This video explores how one can evaluate recommender systems.
Evaluating a recommender system involves (1) If the right results are being recommended (2) Whether more relevant results are being recommended at the top/ first compared to less relevant results.
There are two popular types of recommender systems. Explicit Feedback recommender systems and implicit feedback recommender systems. The metrics used in these are slightly different.
Explicit Feedback Recommender Systems
These are systems where the user gives explicit feedback, usually in the form of a numeric rating for each recommendation.
An example is a movie recommendation system where a user could give a numeric rating in the form of the number of stars for each recommended movie.
Metrics used in Explicit Recommender Systems
For such a system, the metrics used could be pretty simular to that used in a standard regression problem since the target is really a score that you could be predicting, and the actual score is available to measure how good the prediction is.
- Mean Absolute Error: Mean over all data points, absolute value of difference between actual rating and predicted rating.
- Root Mean Square Error: Square root of Mean over all data points, square of difference between the actual rating and predicted rating.
- R2 score:
Implicit Feedback Recommender Systems
These are the more common form of recommendation systems where the user is shown a set of recommendations and there is no explicit feedback.

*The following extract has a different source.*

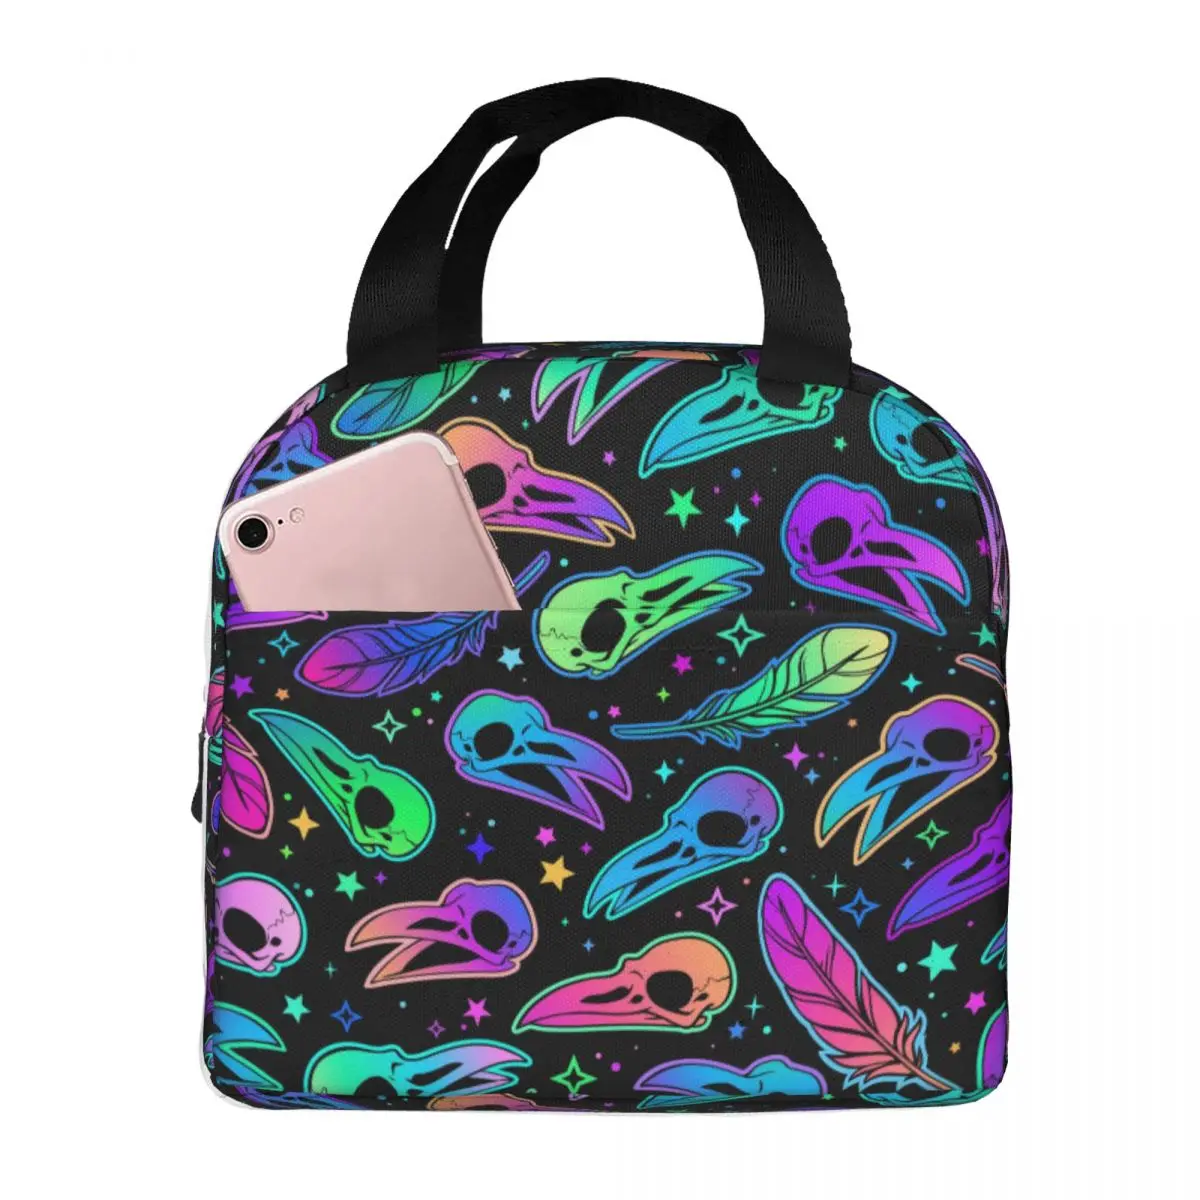 

Bird Skulls And Feathers Cooler Bag Portable Zipper Thermal Lunch Bag Convenient Lunch Box Tote Food Bag
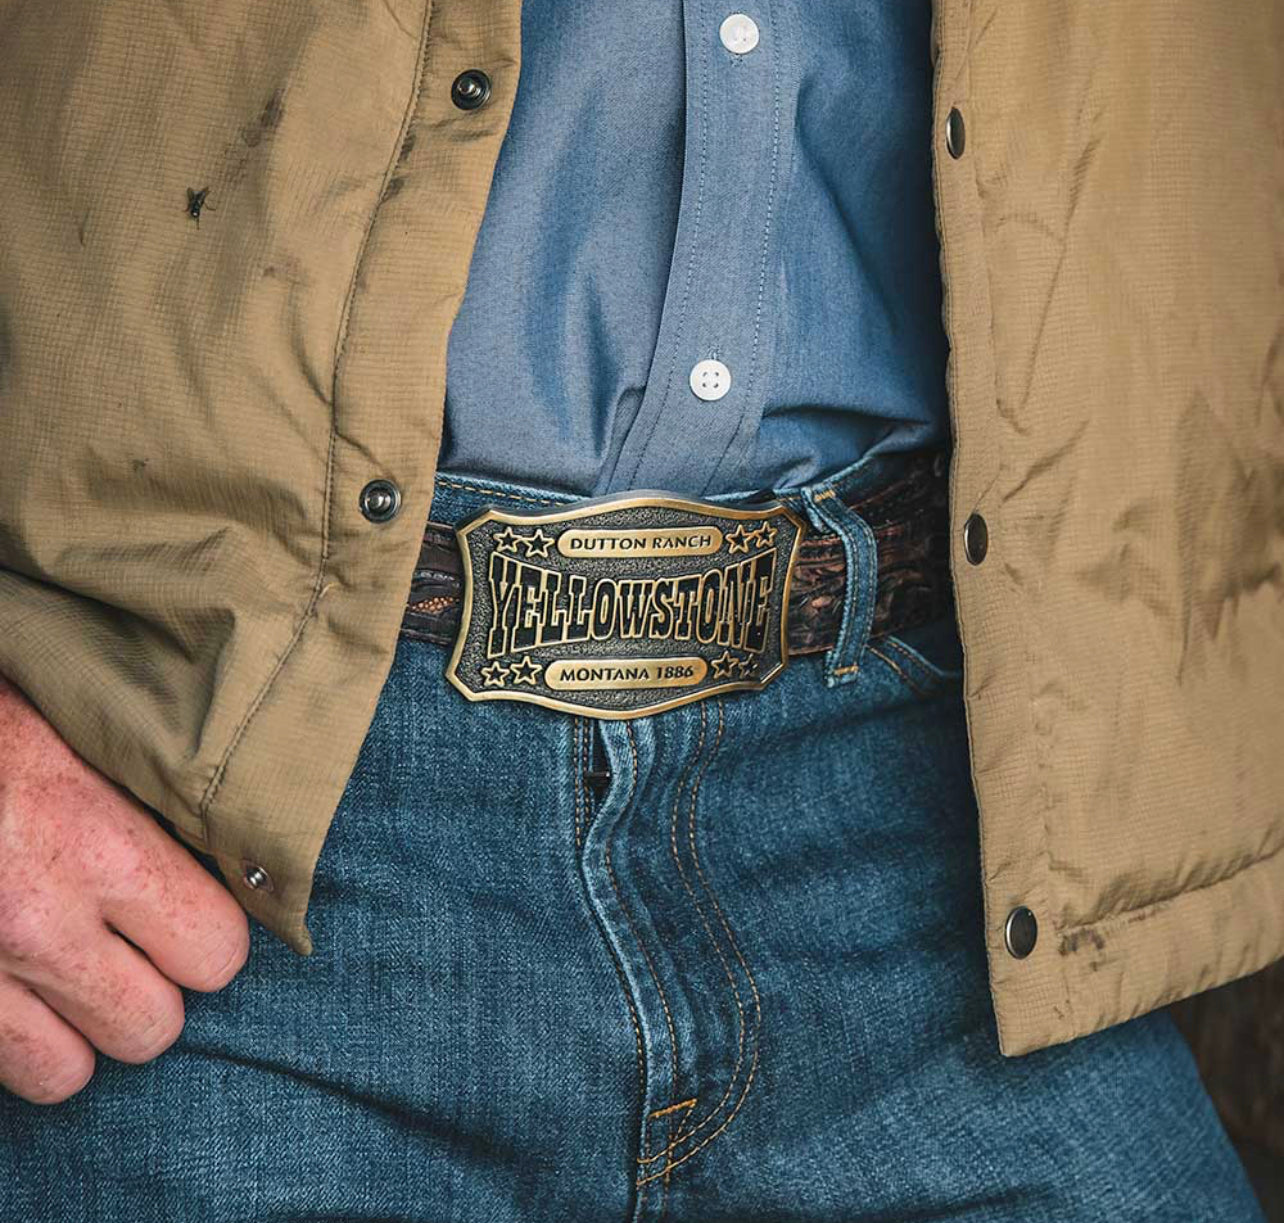 The Y yellowstone buckle

Instead there is implicit feedback in the form of user clicking the item, or adding it to cart and so on.
For instance, when you see a set of related products on an ecommerce website, you are not likely asked for a rating on the quality of the recommendation! Rather, you would probably click on one or more of the products if you like them. And if you click on one of the first few products, that shows that the recommender also managed to get its order right, in addition to showing a relevant product.
Metrics used in Implicit Recommender systems
Since the implicit feedback available is usually binary – in the form of “yes the item is relevant” or “no the item is not relevant”, metrics are simimar to that for classification algorithms.
- Precision: Of all recommended items, how many are relevant ?
- Recall : Of all relevant items, how many made it into the recommendations?
- Precision@K: Of the top K recommended items, how many are relevant?
- Recall@K: Of all the relevant items, how many made it into the top K recommendations.
- Mean Average Precision (MAP): If there are K items recommended, precision@k averaged from k=1…K averaged over all data points.
- Mean Average Recall (MAR): If there are K items recommended, recall@k averaged from k=1…K averaged over all data points.
For recommeders with Single Correct Response
There are situations where a single correct response makes sense. For instance, suppose you are scanning a product to identify it from a catalouge for billing, there is only one correct match from the items recommended based on the scan.
Mean Reciprocal Rank or Mean Percentile Rank
In such a case, the popular metric used is the mean reciprocal rankor the mean percentile rank. This metric involves computing the reciprocal of the rank of the correct item from the list of recommendations. If the correct item is at the top, it leads to a rank of 1 and keeps degrading as the correct item appears lower in the list of recommendations.